There are limitations in this study. As mentioned before, a model is never able to depict the clinical reality with all its possible choices and potential outcomes. With the help of the expert panel consisting of radiologists working in diagnostics, interventional radiologists and liver surgeons, we tried to identify the most important options and pathways for patients with metachronous liver metastases, being aware that options such as local thermo-ablation or neo-adjuvant chemotherapy have not been taken into account. The input data collected in the structured interviews do not have the same grade of evidence as data from a clinical trial. However, in the absence of comparative health–economic clinical-trial data, we think that the present data are of relevance for the radiological community as a first step towards properly designed clinical trials addressing the health–economic issues. In this respect the results of a recent publication of a multicentre trial, showing that PV-MRI changed the surgical strategy in 16.8% of patients (22/131) compared to biphasic spiral CT [9], are coherent with our collected interview data.

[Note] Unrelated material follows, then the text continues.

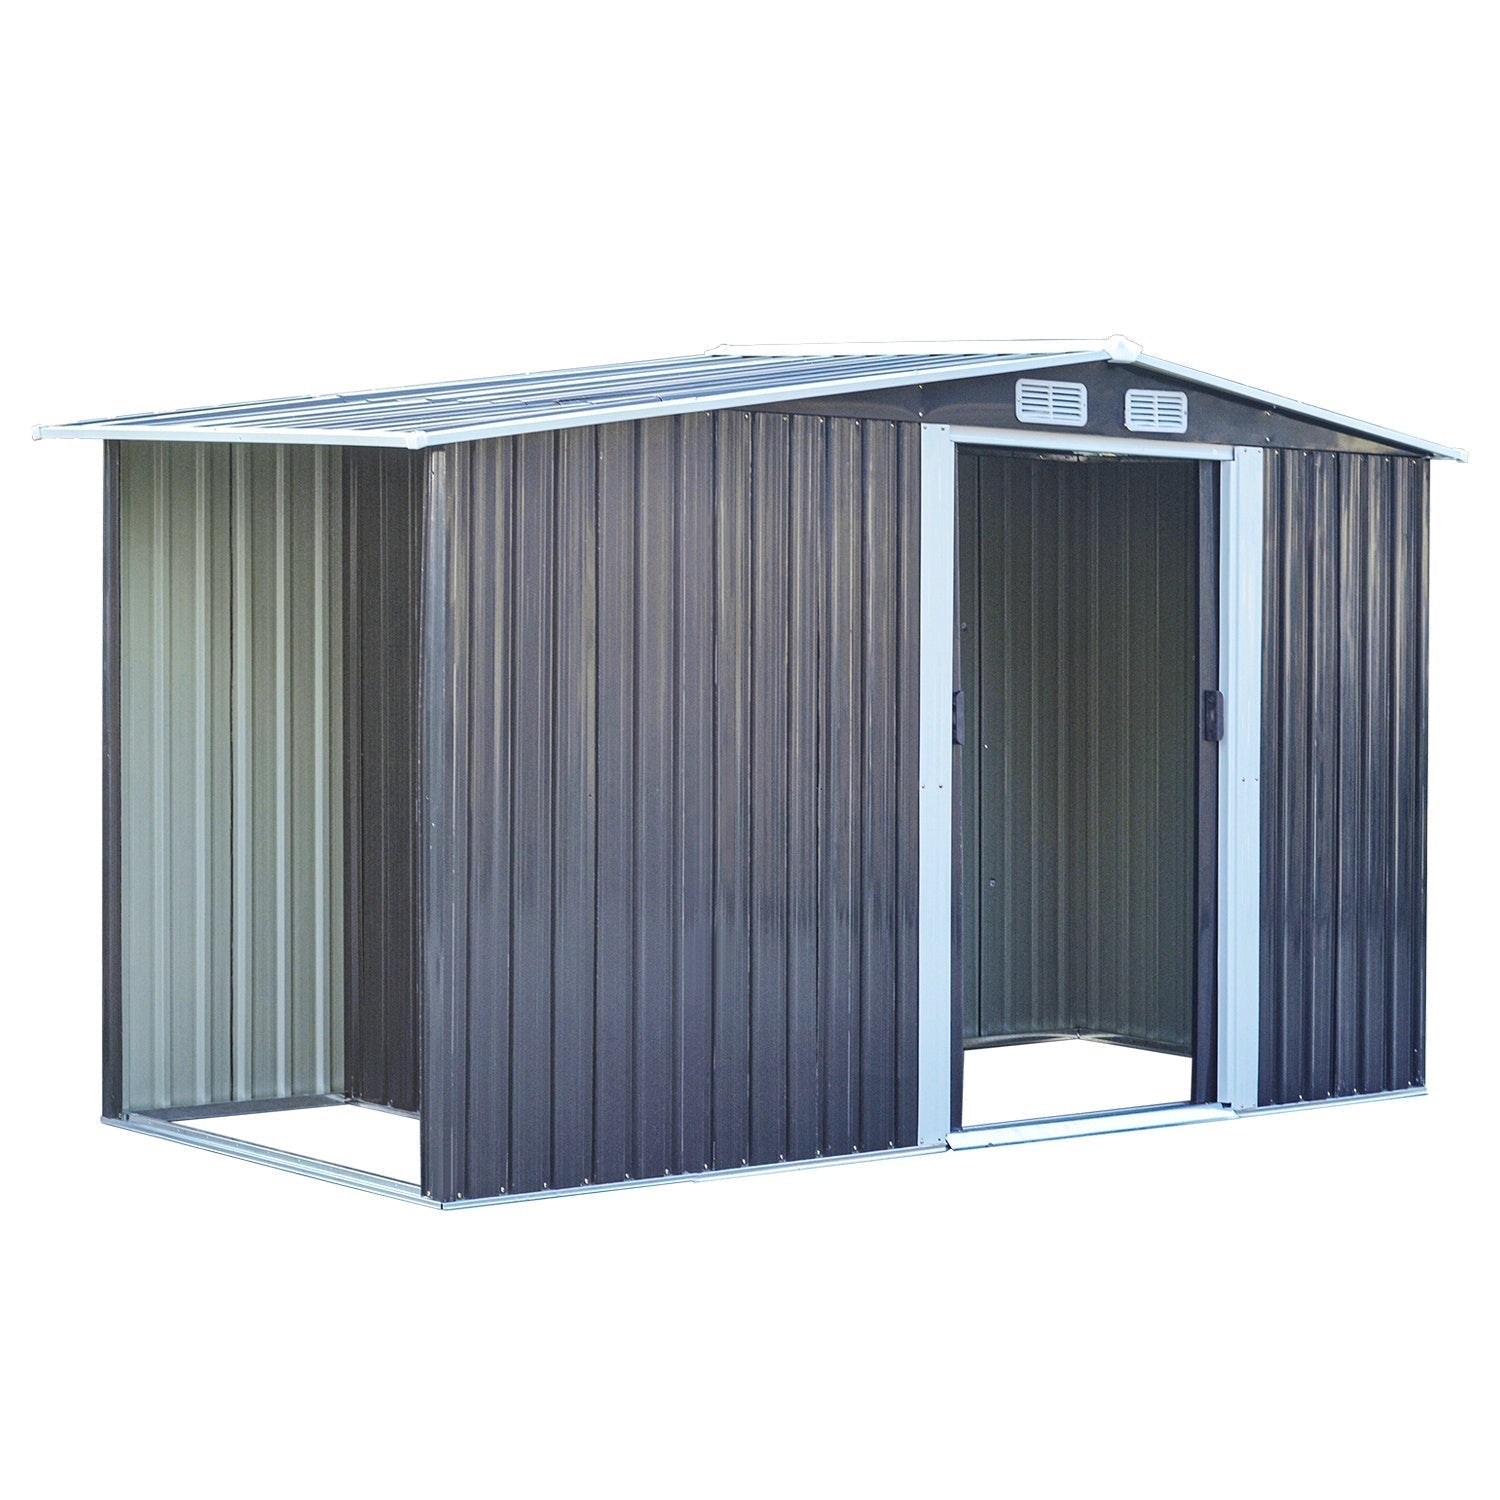 Garden Steel Shed Gable Roof Top with Firewood Storage Garden storage Garden Sanctuary

In conclusion, the results of the interviews and the model indicate that an imaging strategy with initial PV-MRI in patients with suspected CLM has the potential to avoid repeated diagnostic procedures by providing more accurate information at an earlier stage in the diagnostic work-up. Compared to doing MDCT initially, there was a moderate additional cost of imaging when PV-MRI was used as initial imaging. However, the total diagnostic cost was lower for the imaging strategy with initial PV-MRI compared to using ECCM-MRI as initial diagnostic modality in Sweden and only a little higher than the cost for ECCM-MRI in Germany and Italy. The results also indicate that PV-MRI improves pre-operative planning and decreases intra-operative changes in planning. This leads to cost savings through shorter operative time, benefits for patients by shorter anaesthesia time, and higher rate of avoidance of unnecessary surgical procedures. If the cost savings due to better pre-operative planning are taken into account, PV-MRI as initial imaging investigation has costs similar to MDCT, and is cost-saving compared to ECCM-MRI. In addition, better diagnostic precision may lead to more patients being allocated to the correct type of treatment. Without clinical data, however, this advantage is difficult to translate into cost savings or improved outcomes for patients in terms of gains in life expectancy or quality of life. These aspects would be important to incorporate in further research.